Table 11-12 Functions That Create the DMA Interface
Function | Description |
---|---|
CcMdlRead | Returns an MDL describing the specified byte range |
CcMdlReadComplete | Frees the MDL |
CcMdlWrite | Returns an MDL describing a specified byte range (possibly containing zeros) |
CcMdlWriteComplete | Frees the MDL and marks the range for writing |
You can examine MDL activity from the cache via the performance counters or system variables listed in Table 11-13.
Table 11-13 System Variables for Examining MDL Activity from the Cache
Performance Counter (frequency) | System Variable (count) | Description |
---|---|---|
Cache: MDL Read Hits % | (CcMdlReadWait + CcMdlReadNoWait) / (CcMdlReadWait + CcMdlReadNoWait) + (CcMdlReadWaitMiss + (CcMdlReadWaitMiss + CcMdlReadNoWaitMiss) | Percentage of MDL reads to parts of files that were in the cache (References to pages satisfied by an MDL read can still generate paging I/O.) |
Cache: MDL Reads/Sec | CcMdlReadWait + CcMdlReadNoWait | Total MDL reads from the cache |
Cache: Sync MDL Reads/Sec | CcMdlReadWait | Synchronous MDL reads from the cache |
Cache: Async MDL Reads/Sec | CcMdlReadNoWait | Asynchronous MDL reads from the cache |
Write Throttling
Windows 2000 must determine whether the scheduled writes will affect system performance and then schedule any delayed writes.
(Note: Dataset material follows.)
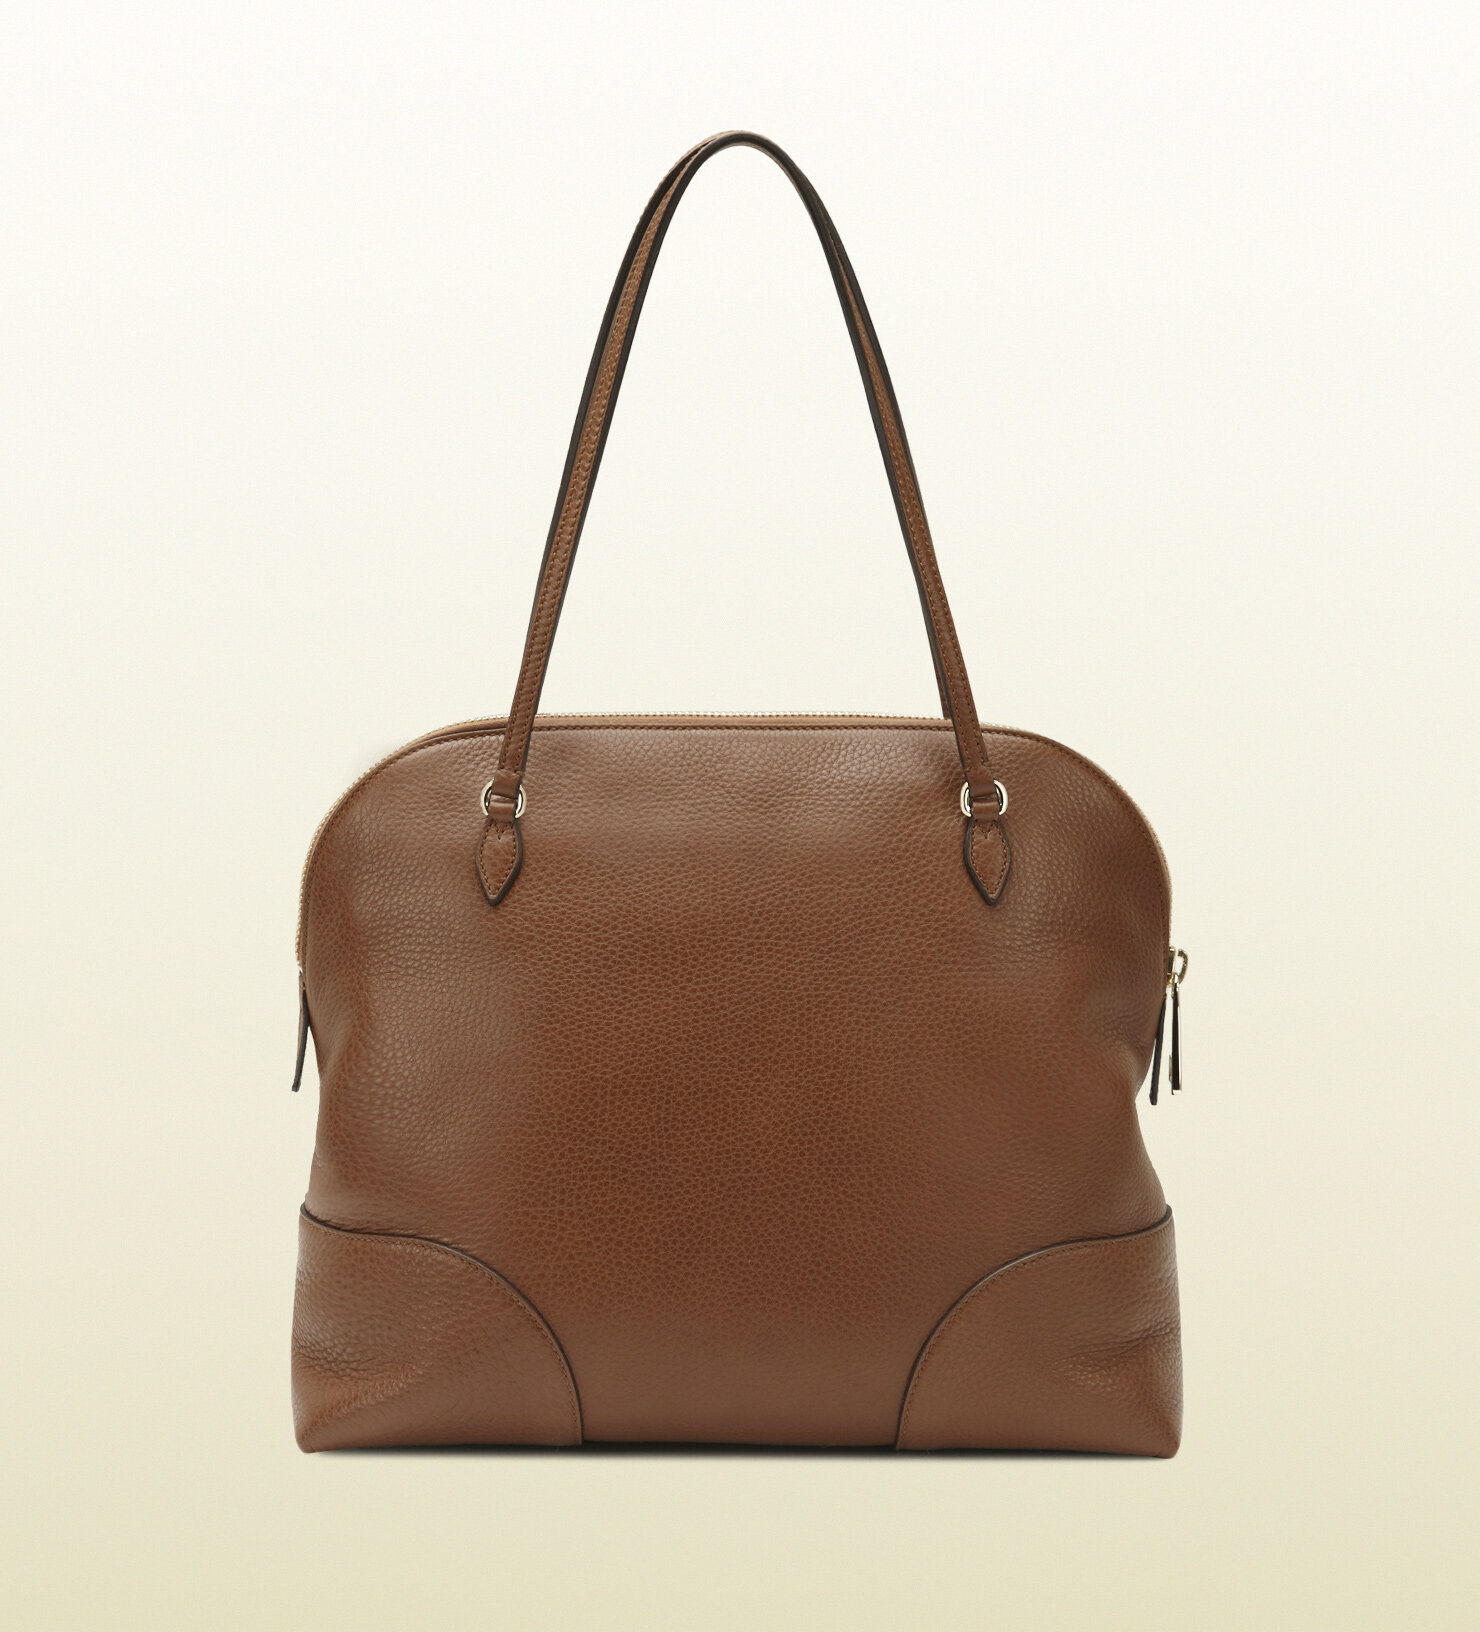 Gucci Bree Shoulder Bag in Brown Leather.jpg

First it asks whether a certain number of bytes can be written right now without hurting performance and blocks that write if necessary. Then it sets up callback for automatically writing the bytes when writes are again permitted. Once it's notified of an impending write operation, the cache manager determines how many dirty pages are in the cache and how much physical memory is available. If few physical pages are free, the cache manager momentarily blocks the file system thread that's requesting to write data to the cache. The cache manager's lazy writer flushes some of the dirty pages to disk and then allows the blocked file system thread to continue. This write throttling prevents system performance from degrading because of a lack of memory when a file system or network server issues a large write operation.
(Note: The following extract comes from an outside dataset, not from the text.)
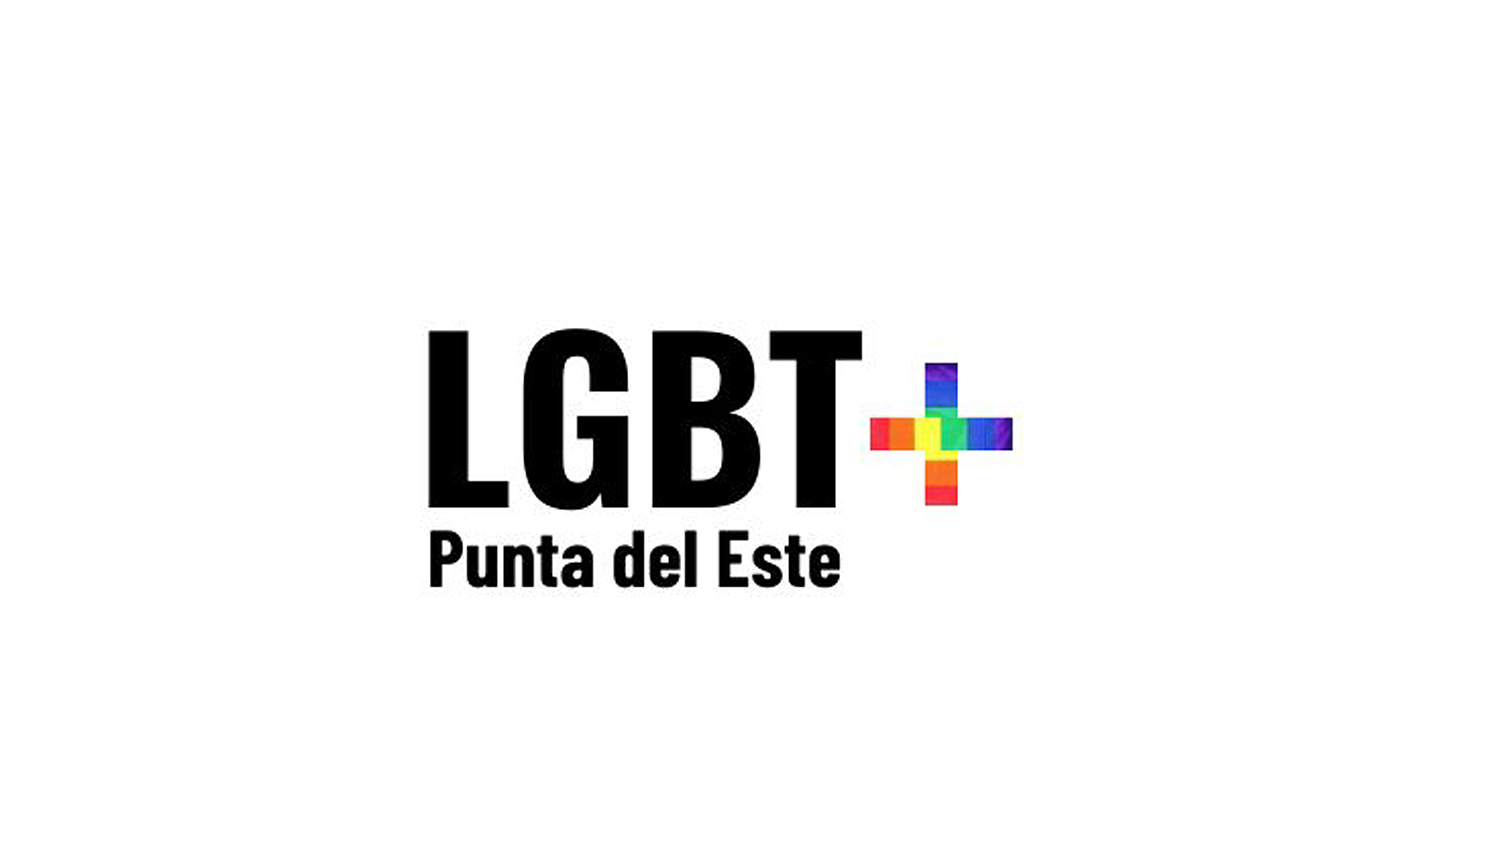 https://gnetwork360.com/2022/buenosaires/wp-content/uploads/2022/10/SPONSORS-G360-BUE-2022-PUNTA-DEL-ESTE-LGBT.jpg

Write throttling is also useful for network redirectors transmitting data over slow communication lines. For example, suppose a local process writes a large amount of data to a remote file system over a 9600-baud line. The data isn't written to the remote disk until the cache manager's lazy writer flushes the cache. If the redirector has accumulated lots of dirty pages that are flushed to disk at once, the recipient could receive a network timeout before the data transfer completes. By using the CcSetDirtyPageThreshold function, the cache manager allows network redirectors to set a limit on the number of dirty cache pages they can tolerate, thus preventing this scenario. By limiting the number of dirty pages, the redirector ensures that a cache flush operation won't cause a network timeout.
EXPERIMENT
Viewing the Write-Throttle Parameters
The !defwrites kernel debugger command dumps the values of the kernel variables the cache manager uses, including the number of dirty pages in the file cache (CcTotalDirtyPages) when determining whether it should throttle write operations:
kd> !defwrites *** Cache Write Throttle Analysis *** CcTotalDirtyPages: 758 ( 3032 Kb) CcDirtyPageThreshold: 770 ( 3080 Kb) MmAvailablePages: 42255 ( 169020 Kb) MmThrottleTop: 250 ( 1000 Kb) MmThrottleBottom: 30 ( 120 Kb) MmModifiedPageListHead.Total: 689 ( 2756 Kb) CcTotalDirtyPages within 64 (max charge) pages of the threshold, writes may be throttled Check these thread(s): CcWriteBehind(LazyWriter) Check critical workqueue for the lazy writer, !exqueue 16 |
This output shows that the number of dirty pages is close to the number that triggers write throttling (CcDirtyPageThreshold), so if a process tried to write more than 12 pages (48 KB) at the time of the experiment, it would be delayed until the lazy writer lowered the number of dirty pages.